I just finished attending the seminar and found out that all the four answers are, of course, “we don’t know” in the strict scholarly sense, according to Prof. Lopez. I initially planned to summarize some important points until I was awed by the width and density of the lecture. :sweat_smile: For now, it seems better to wait for Tricycle’s uploading of the recording.

Just a quick, TLDR memo from the lecture would be:

When did the Buddha live?

We don’t know. Traditions say different dates which range centuries. The only reliable archeological evidence found; Ashoka’s Edicts. The gap between the Buddha’s parinibbāna and the crowning of Ashoka is 100 years according to Ashokavadana, or 218 years according to Mahāvaṃsa. It is interesting that there exist traditional texts that reveal the chronological estimation done by the writers, in terms of prophecy by the Buddha. For example, the claim that the Buddha foresaw the arise of Nagarjuna 400 years after his parinibbāna indicates the contemporary estimate of 400 years gap between the two events. The same inference can be applied to the infamous “500-years-after-bhikkhunī ordination-prophecy” in the Pali canon.
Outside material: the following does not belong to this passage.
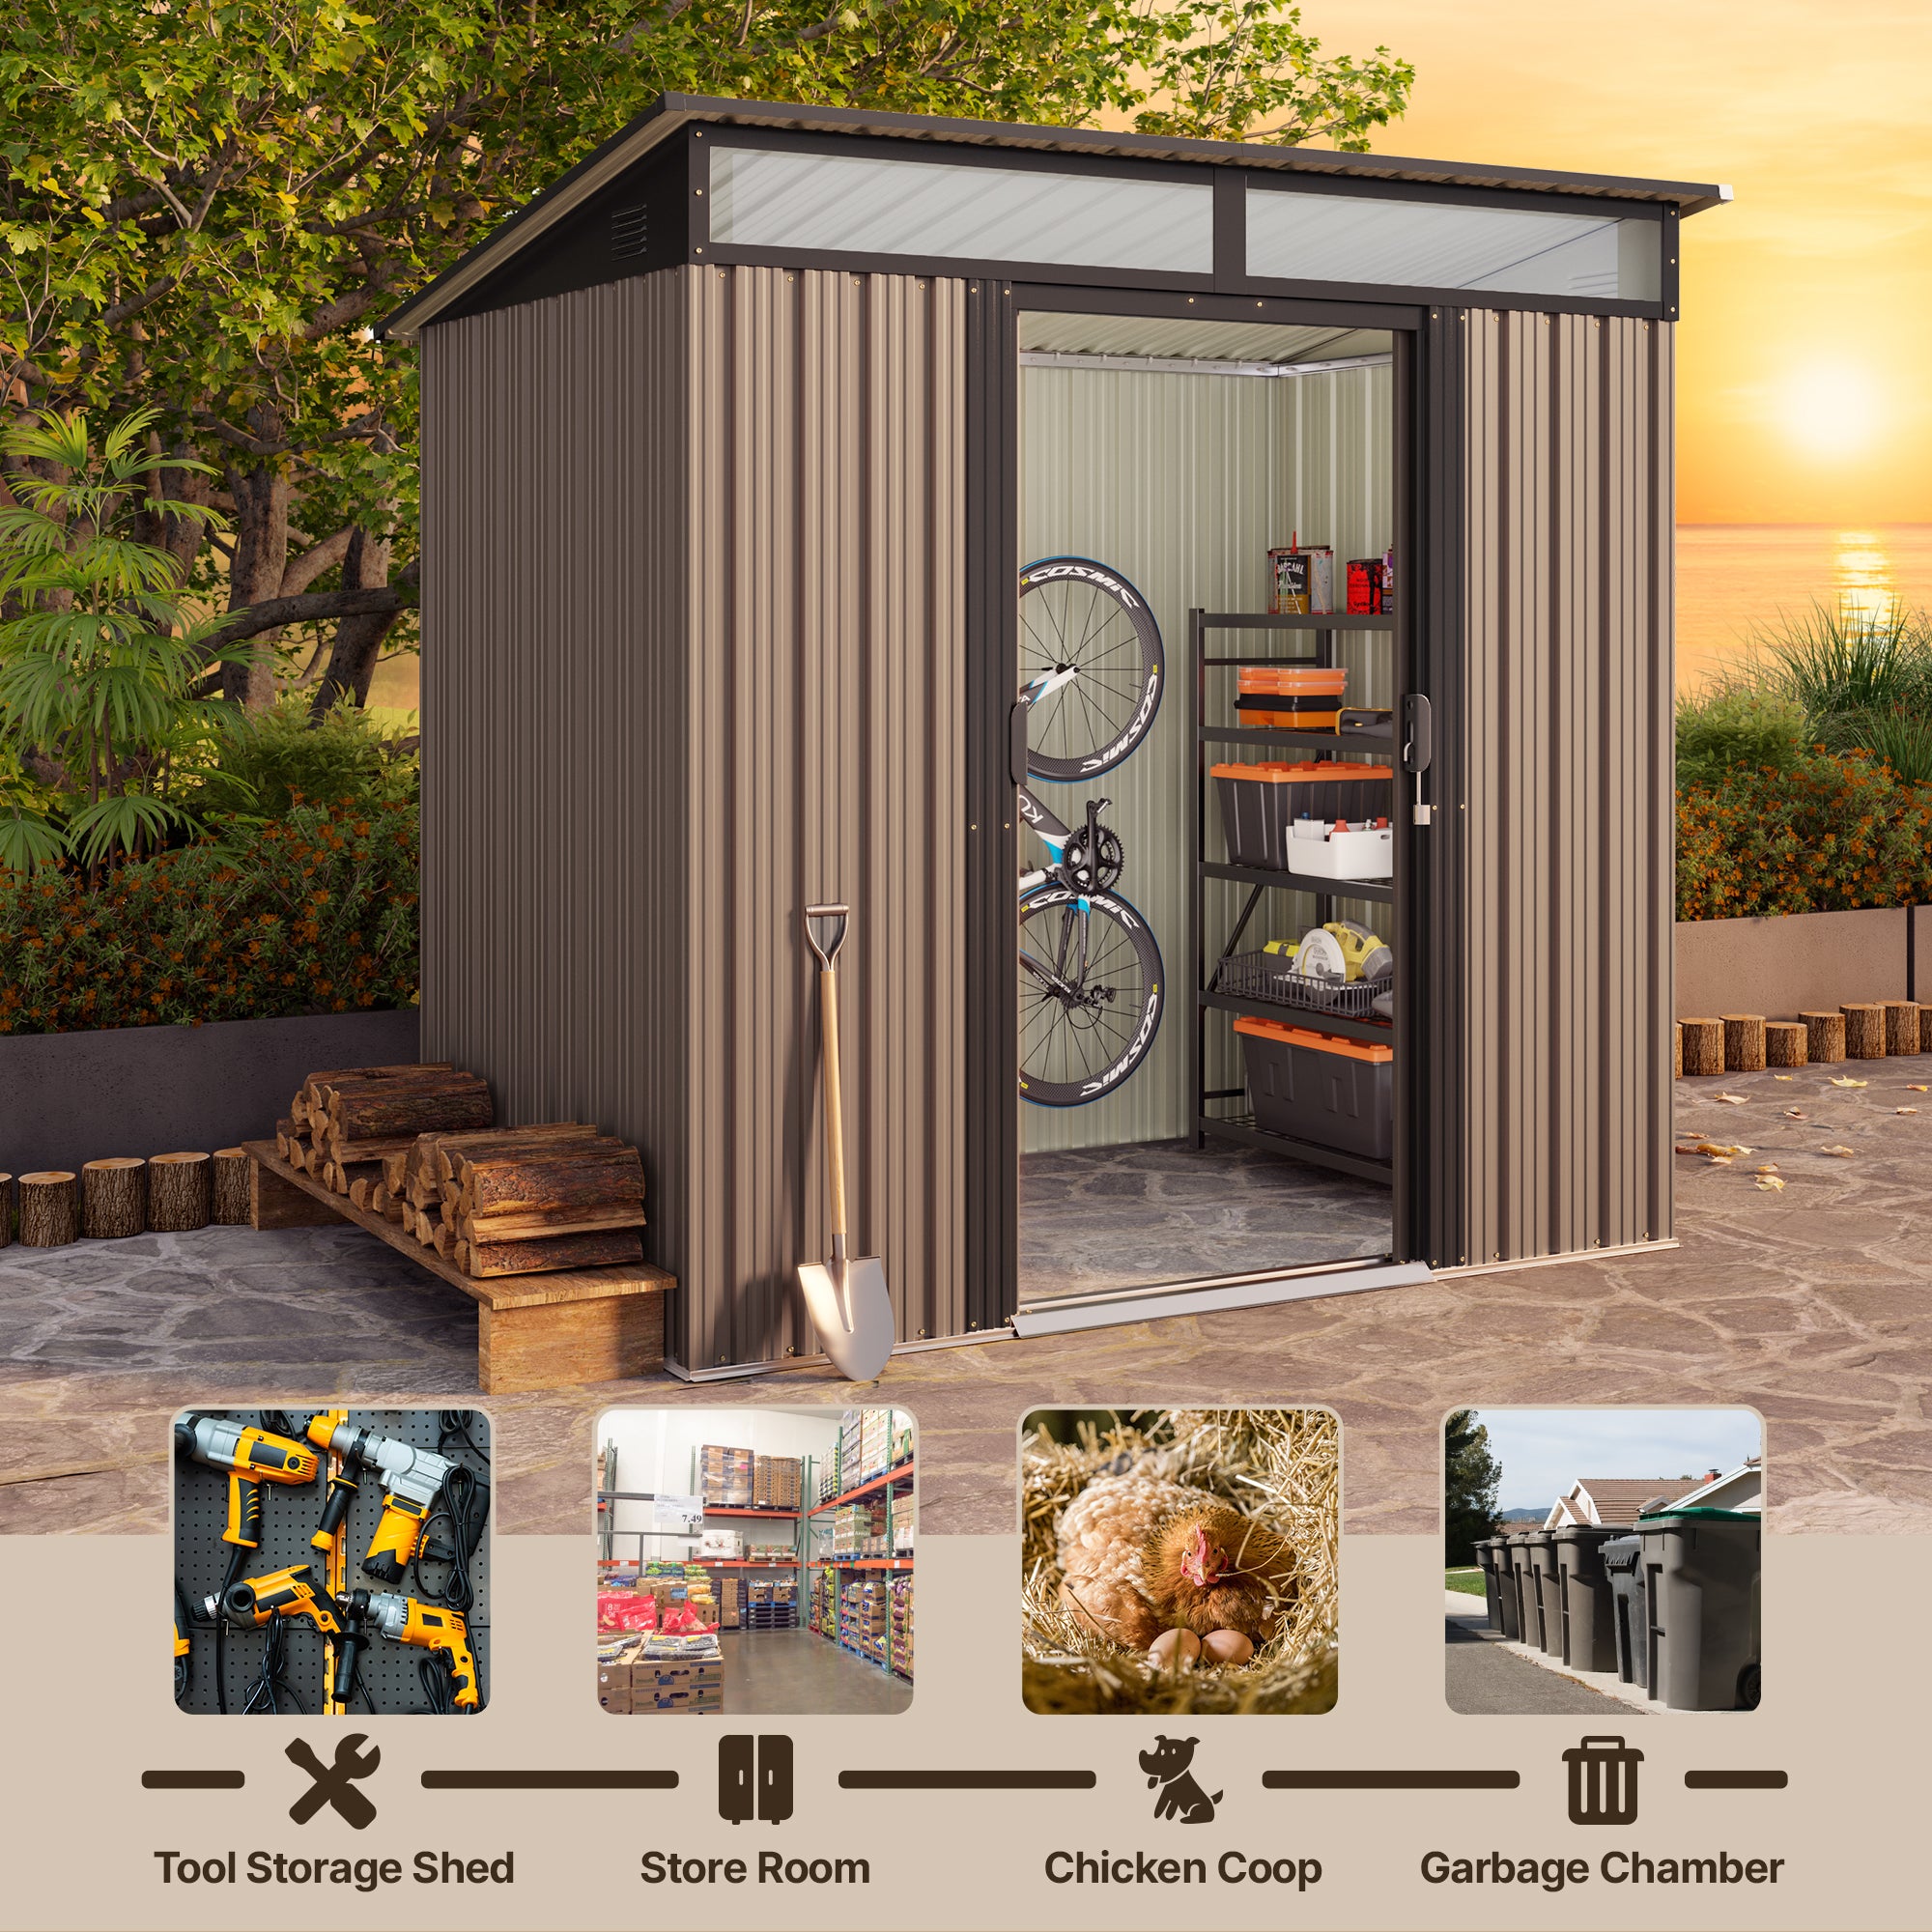 Gizoon CC15 Outdoor Storage Shed with Sliding Doors and Transparent Panel Windows

Why were the Mahayana sutras written?

We don’t know. However, it is clear that the rise of Mahayana sutras was closely linked to the conversion from oral transmission to the written one. It seems that the Mahayana was minor for nearly all the time in India, for all the great Mahayana philosophers had to defend the validity of their texts. And Prof. Lopez does not buy Heart sutra as Chinese Apocrypha hypothesis .

What are the origins of Buddhist tantra?

We don’t know even more.

Why did Buddhism disappear from India?

We don’t know, but some textbook answers (Xuanzang already reported the decline of monasteries, etc.) with interesting thoughts were provided.

Although I liked this scholarly lecture with full of passion, it was also an hour of confirming this statement.

Sadhu! :pray: :pray: :pray:

Here is the recording!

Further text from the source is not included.